State of UK’s cybersecurity examined at CPX London 2023

Alongside mentions of generative AI used by the likes of online sensations ChatGPT and its potential to be utilised in attacks, attendees heard talks from Virgin Atlantic’s CISO on his strategy building their cybersecurity, best practices for cyber resiliency, and the state of the UK’s cybersecurity. 

Lead by Scottish Government Cyber Advisory Board member and Check Point’s own CISO Deryck Mitchelson, attendees got an intimate look at the situation the UK cybersecurity finds itself in and what’s coming over the horizon. 

“The two most expensive attacks to manage and come back from are email attacks,” Mitchelson told the audience. In 2017, a coordinated attack dubbed ‘the WannaCry outbreak’, afflicted over 200,000 computers in over 150 countries. This went on to cost the UK £92 million. The ransomware was often delivered via emails that tricked the recipient into opening attachments and releasing malware onto their system. This is the same malware that captured the nation’s attention when it went on to hack the NHS and encrypt thousands of files, resulting in missed appointments and potential dissemination of confidential information.  
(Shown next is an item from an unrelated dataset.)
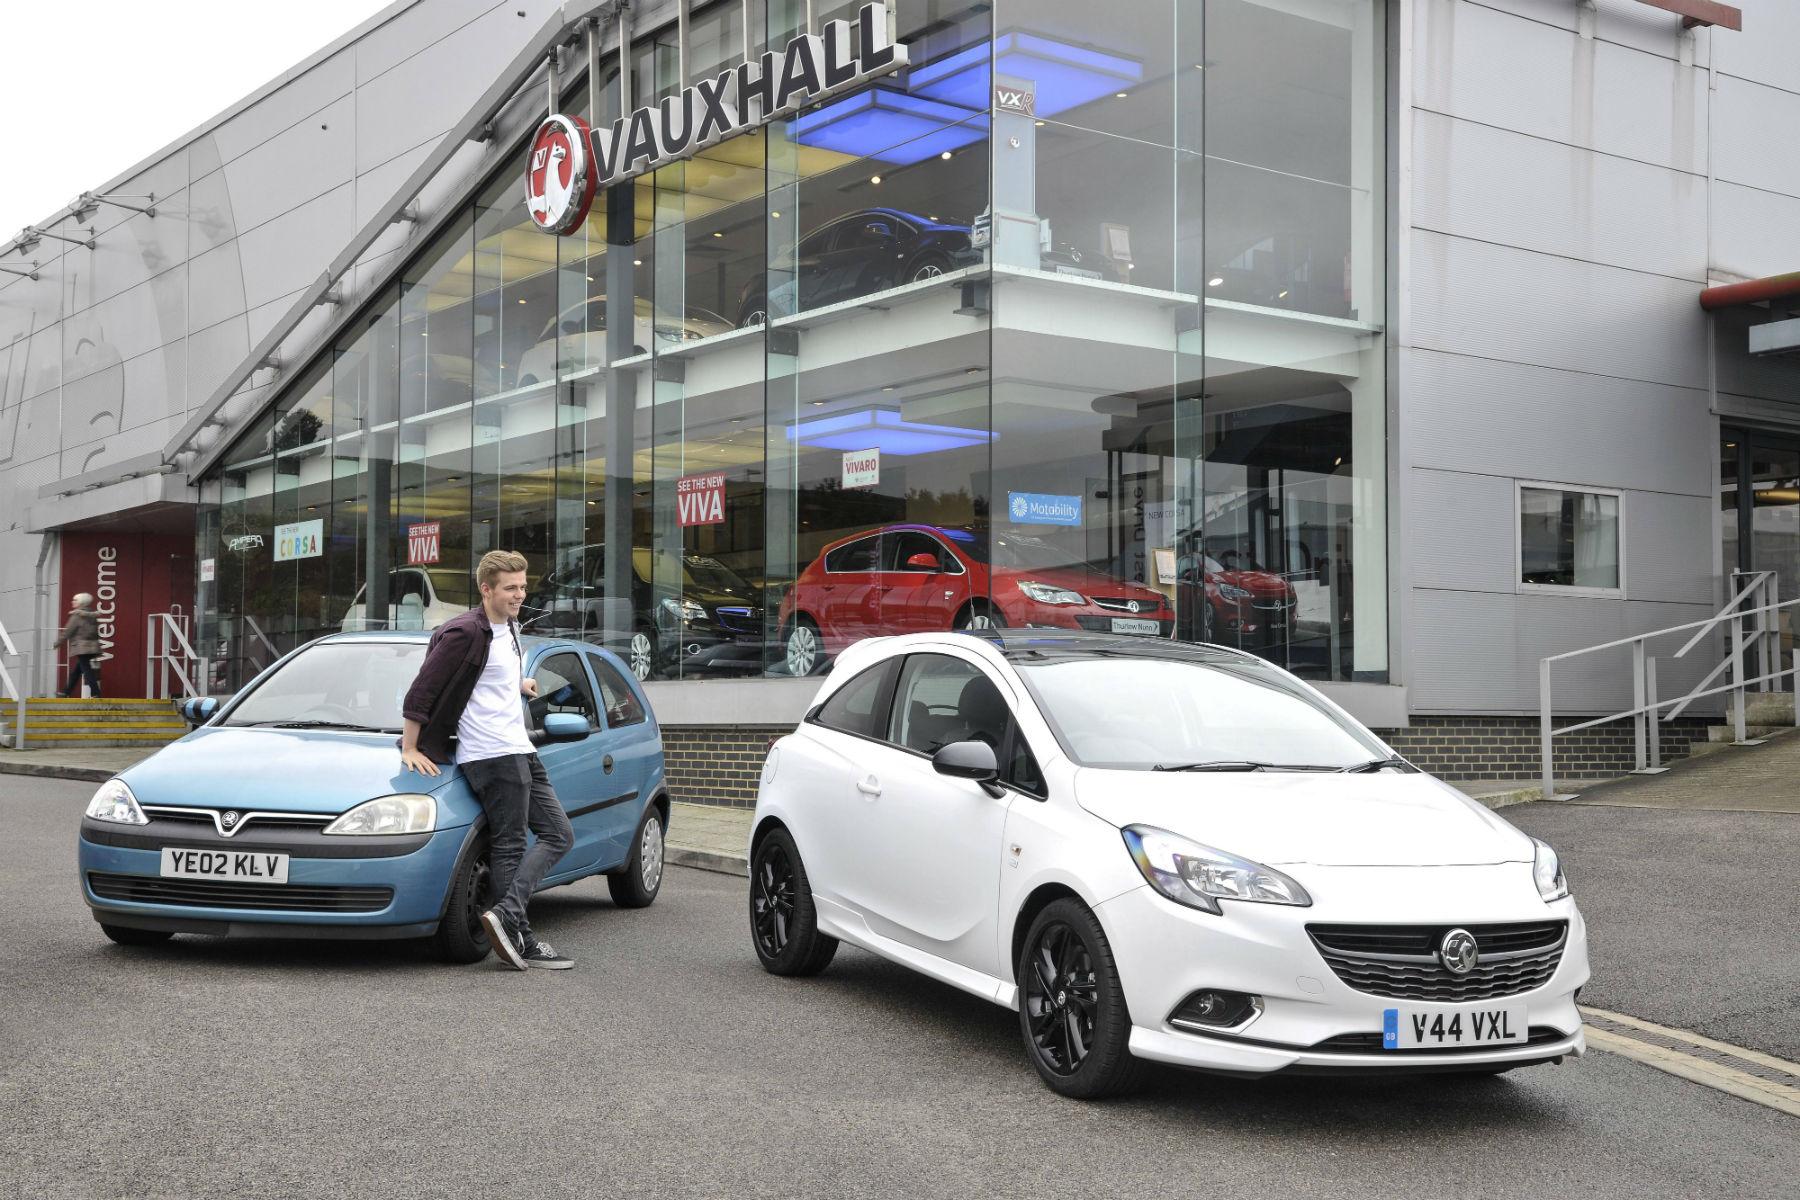 Vauxhall scrappage scheme

Despite the UK being a technologically developed country, and lessons should have been learnt, it seems that these issues are still cropping up. Mitchelson went on to show statistics that many small and medium sized enterprises don’t have adequate cybersecurity strategies in place. This was evidenced when in January of 2023, news broke that the Information Commissioner's Office was investigating up to 14 issues of hacks against schools in 2021 and 2022 that saw the potential leaking of student information and even passport scans.  

So, what should businesses and CISOs be looking at now for their cybersecurity needs? “I think now you need to get your zero trust strategy. Now more than ever before,” Mitchelson states. 

Listing the types of attacks organisations need to be aware of– phishing attacks, malware attacks, DDoS attacks, ransomware etc–Mitchelson emphasises the limiting effect zero trust systems can have on containing these attacks. When Uber was hit with a phishing attack in 2022 in which a hacker gained an Uber employee’s credentials and could then gain access to information throughout the system, zero trust began being touted as more of an essential than an added feature. With a zero trust cybersecurity model, the hacker’s lateral movement within the network would be limited as the network would be segmented and each segment would have security policies.  

Yet cybersecurity is not just reactive, Mitchelson states. He goes on to list recent action taken by US government agencies to try and curb illegal online activities – like closing down crypto exchanges to deny hackers funds and even publishing the names of known hackers. 

Although, Mitchelson goes on to lament current UK inertia in comparison. “We want to be global leaders, not just talk about it. We need to be more proactive”. Yet in this comparing of the UK’s government action on cybersecurity, the talk turns to the Cyber Security Strategy published last year. In it, Mitchelson praises the encouraging promises made and the recognition to learn from the EU’s comprehensive NIS Directive. 

Then, to round off the talk, Mitchelson leaves the audience with some food for thought by bringing in something topical to the talks: generative AI. With a number of leading experts like Google’s recently departed Dr Hilton and even ChatGPT’s CEO Sam Altmann warning of the dangers of this AI if left unrestricted, Mitchelson, stressing the importance of cybersecurity, posits: “Imagine if hackers gained unrestricted access to these companies currently stewarding these programmes.”